For what it's worth, other Rockstar studios have shipped plenty over the years. L.A. Noire came from Team Bondi with Rockstar publishing. Max Payne 3 was developed by Rockstar Vancouver. Red Dead Redemption 2 was a company-wide effort spanning multiple studios. It's just that, Rockstar North specifically, the studio that builds the mainline GTA, has shipped only exactly two non-GTA games in the modern era, and it isn't about to change anytime soon.

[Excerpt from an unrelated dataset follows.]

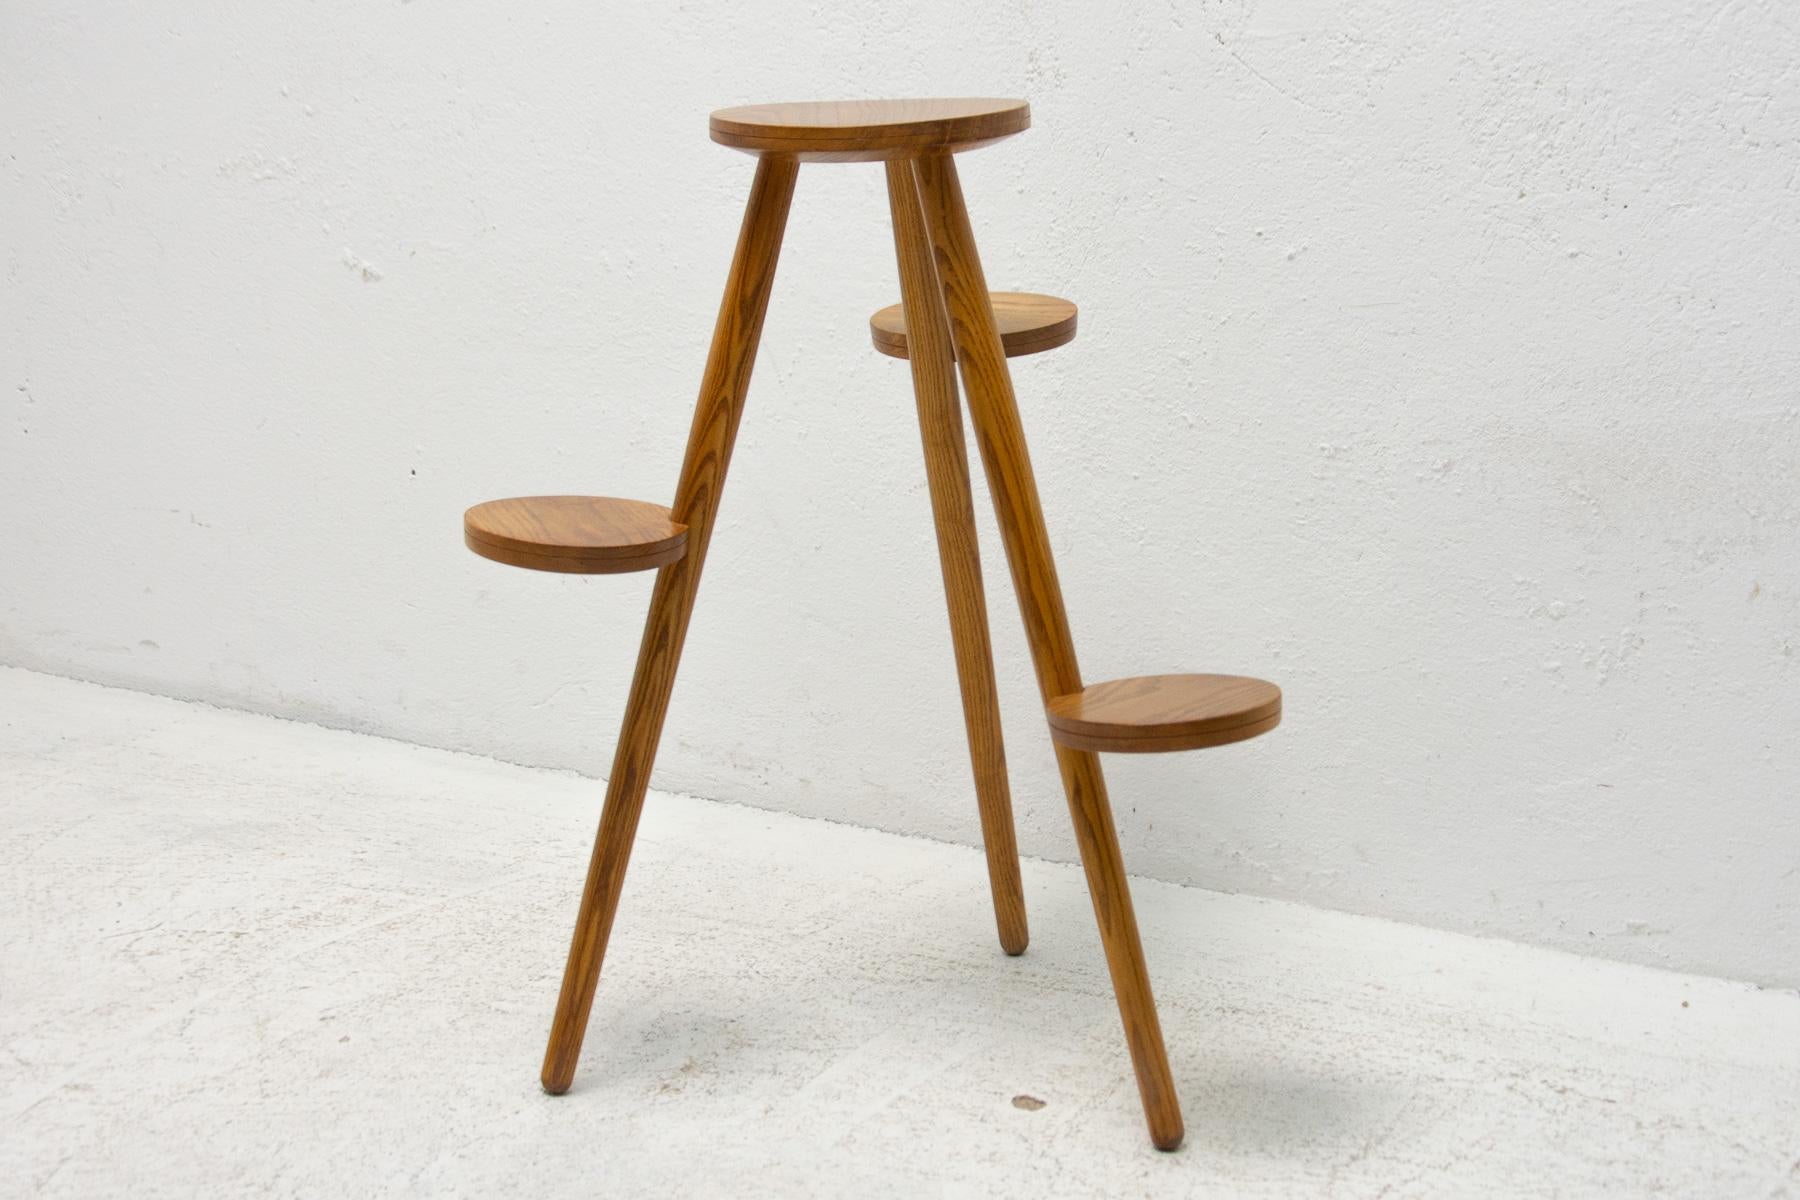 Small vintage table/plant stand in beech wood. It was made by Krásná Jizba company in the former Czechoslovakia in the 1950´s. In excellent condition, fully renovated.

Grand Theft Auto 5 launched in 2013. Grand Theft Auto Online became standalone in March 2022. Grand Theft Auto 6 is set for November 19. For thirteen years, Rockstar North has focused on one project. The flagship grew so large that it stopped leaving room for anything else.
The silver lining here is that Take-Two Interactive has confirmed plans for titles outside GTA 6 after it comes out.
Unfortunately, we still can't say for sure if this means Rockstar North will finally get a chance to flex its creative muscles on anything other than GTA.